The consumer electronics market – defined as including computing devices, mobile handsets and television sets – is projected to reach $1.6 billion by the end of 2010. It is expected to grow at approximately 11 per cent a year to reach $2.4 billion by 2014, according to BMI in a research report released on Monday.
Yet analysts reckon that the market’s true potential is depressed by a variety of factors, some of which are the responsibility of the government. For instance, poor protection for intellectual property rights means that counterfeit electronics items are rampantly available in the market, driving down quality as well as sales of legitimate brands.
High taxes on consumption, such as sales taxes and excise duties, also drive up prices and depress demand for consumer electronics, particularly at a time of slow economic growth. Sales taxes on most items reach as high as 19 per cent and duties on some imported items are even higher. This is in addition to the 19 per cent sales tax that cellular phone users pay for their service.
Computers accounted for around 18% of Pakistan’s consumer electronics spending in 2009. BMI forecasts Pakistan’s domestic market computer sales (including notebooks and accessories) of $283 million in 2010, up from $264 million in 2009. It is expected to grow at a rate of 7 per cent to reach $391 million by 2014. Government plans to reduce taxes on imported computers are likely to be put on hold in the wake of the recent devastating floods.

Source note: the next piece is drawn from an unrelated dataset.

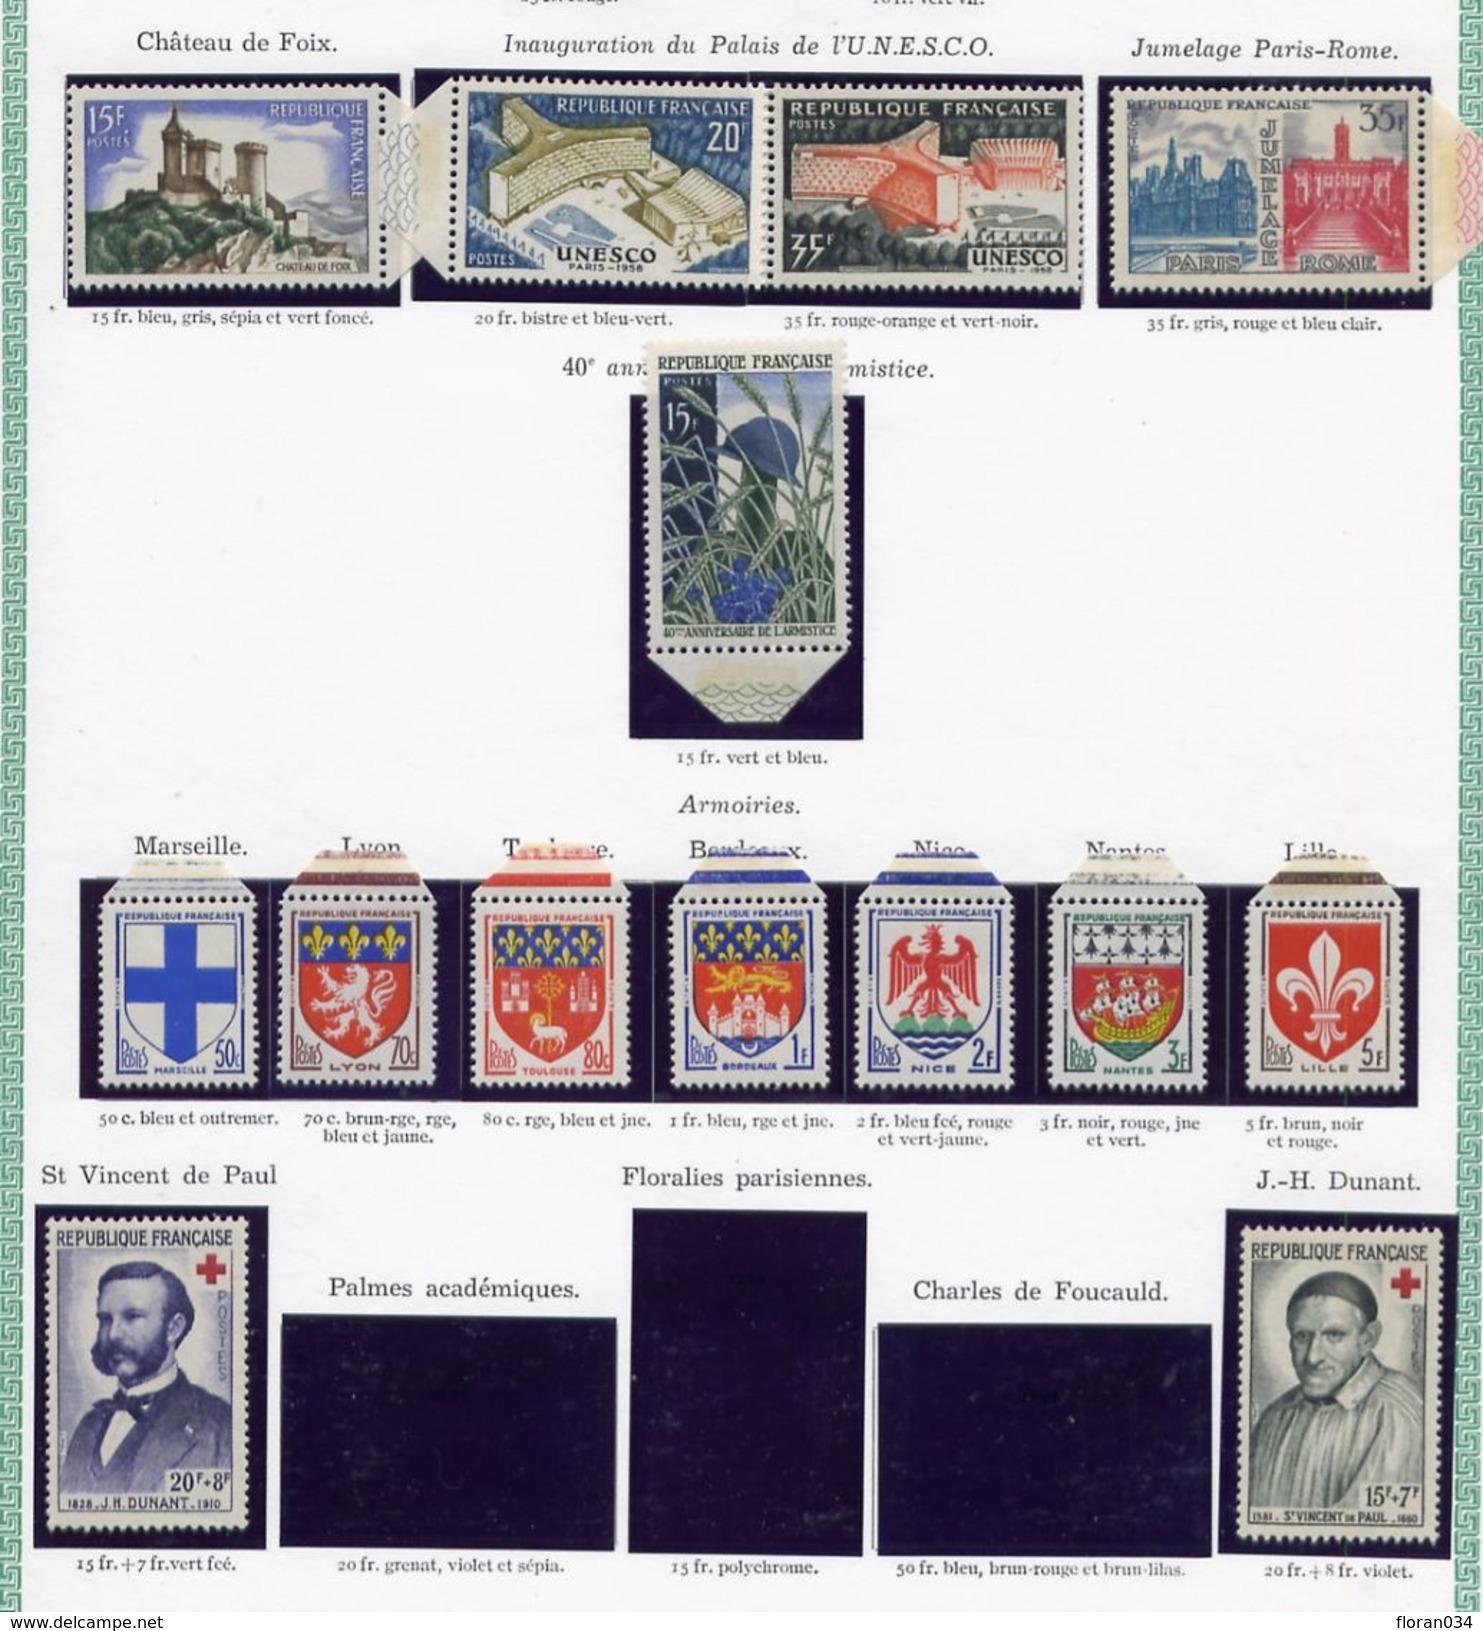 France Année 1958 Neuve ** Complète : N° 1142 à 1188 - Cote 62 Euros - Superbe Qualité - Frankrijk

Television sets account for around 40 per cent of Pakistan’s consumer electronics spending in 2008. The television set market is projected at $632 million in 2010. The market is expected to grow at 11 per cent to a value of $946 million by 2014. However, the growing availability of smuggled colour televisions is an inhibitor to the growth of the market.
Mobile handset sales are expected to grow at 16 per cent to 22 million units in 2014, as mobile subscriber penetration reaches 99 per cent. Revenue growth will be slower due to lower average selling prices of mobile handsets, with most sets sold at under $40.
Yet the government is not solely to blame for the industry’s relative underperformance. Distribution channels in much of urban Pakistan remain weak, with very few large retail outlets that offer consumers a wide array of choice across the full spectrum of electronics as well as brands. Most stores in Pakistan traditionally specialise in a specific subsector, such as mobile handsets or computers rather than the full range of products. Many stores are even more specialised, offering only one type of product from a single brand manufacturer.
There is also a dearth of consumer credit. The market for consumer products took off from 2003 to 2007 under the Musharraf administration when interest rates were low and banks lent freely for consumer goods. However, as the credit crunch of 2008 struck, interest rates skyrocketed, the ratio of nonperforming consumer loans increased, forcing banks to cut back on their consumer lending portfolio.
Published in The Express Tribune, September 28th, 2010.